If you haven’t heard about microplastics yet, you may want to listen up: Researchers have now found these tiny, little, often invisible particles in human stool samples — meaning we’re ingesting them. Specifically, things like polypropylene and polyethylene terephthalate are now part of the human digestive system.
If it makes any difference, you’re not alone; microplastics were found in fish and marine animals quite some time ago. According to Time, the researchers say that for humans, this is a concern for your digestive and immune system. Unfortunately, it’s hard to escape microplastics as they are showing up everywhere, including bottled water.
Many people believe that grabbing a bottle of water is an oh-so-much-safer choice than simply drawing it out of your tap, but tests of 11 popular bottled water bands showed that only 17 of 259 bottles were free of microscopic particles. The worst offender was Nestle Pure Life, with a whopping 10,390 particles per liter (in comparison, on average, the bottled water tested contained 325 pieces of microplastic per liter).
In response to these findings the World Health Organization vowed to launch a safety review to determine the health risks of consuming microplastic in water. But, while we wait for tests to find out just how damaging these particles are, they continue to pile up in our groundwater, rivers, lakes and oceans — and even in your tap water, as globally, 83 percent of tap water samples tested were found to contain microplastics.
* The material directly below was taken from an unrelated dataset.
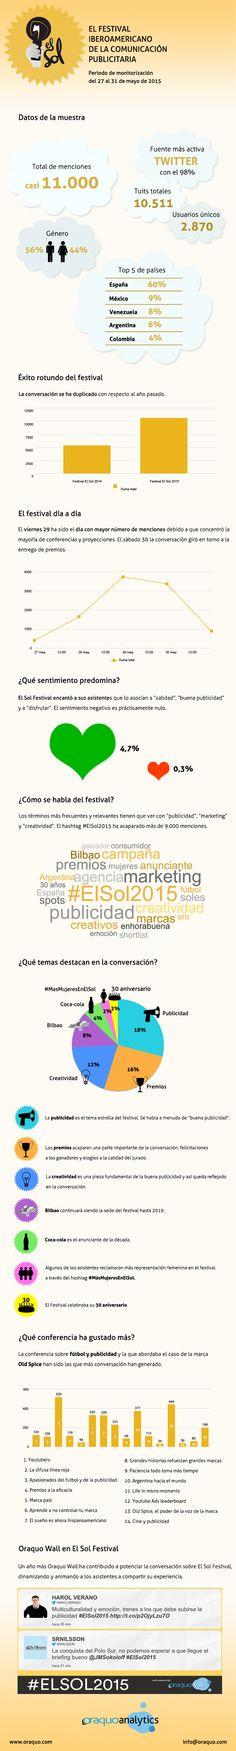 ¿De qué se habló en El Sol Festival?
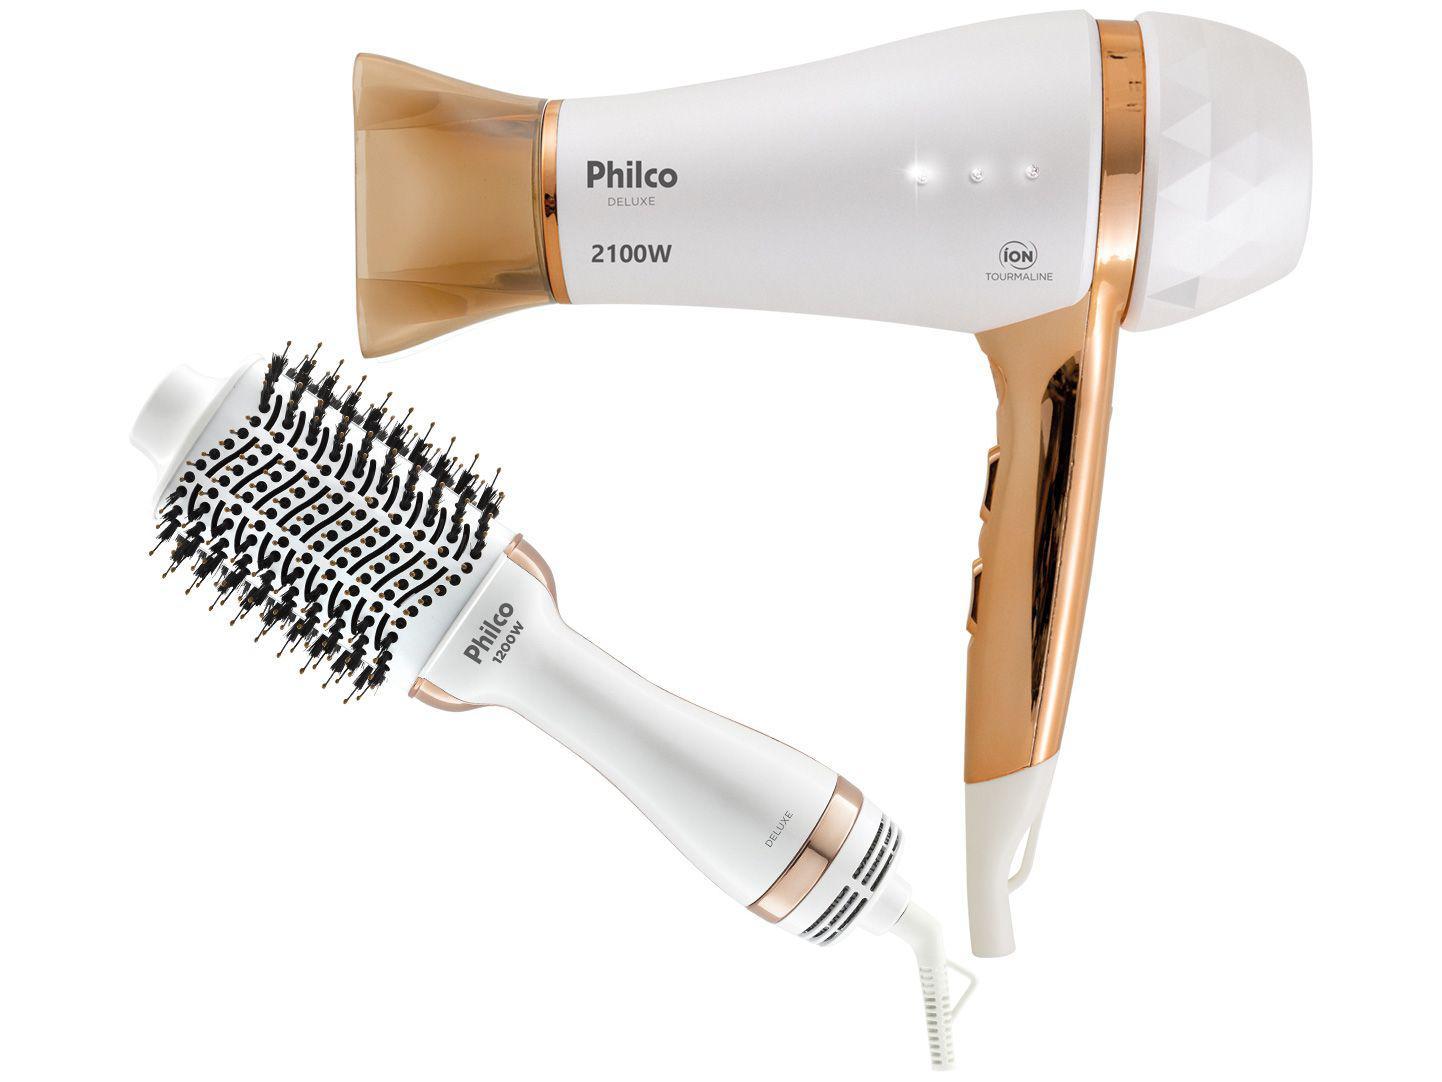 Kit Secador e Escova Philco PKT3150 Deluxe

I’ve written many times about how this tragedy came to be, with marine animals and freshwater fish ingesting plastics right along with you. Unfortunately, rather than taking an all-out approach to ending the use of plastics, too many commissions, governments and researchers just keep on doing what they’re doing — “researching.” That means it’s up to you as consumer to do what you can to reduce plastic usage.
Since some of the main sources of invisible plastics are synthetic clothes like fleece, acrylic and polyester, it’s time to choose cotton whenever you can. Of the synthetic clothes you already have, wash them less frequently, and on the gentle cycle when you do. Become part of the solution by also avoiding anything that comes packaged in plastic, and refuse to use plastic carry bags when you come home from the store.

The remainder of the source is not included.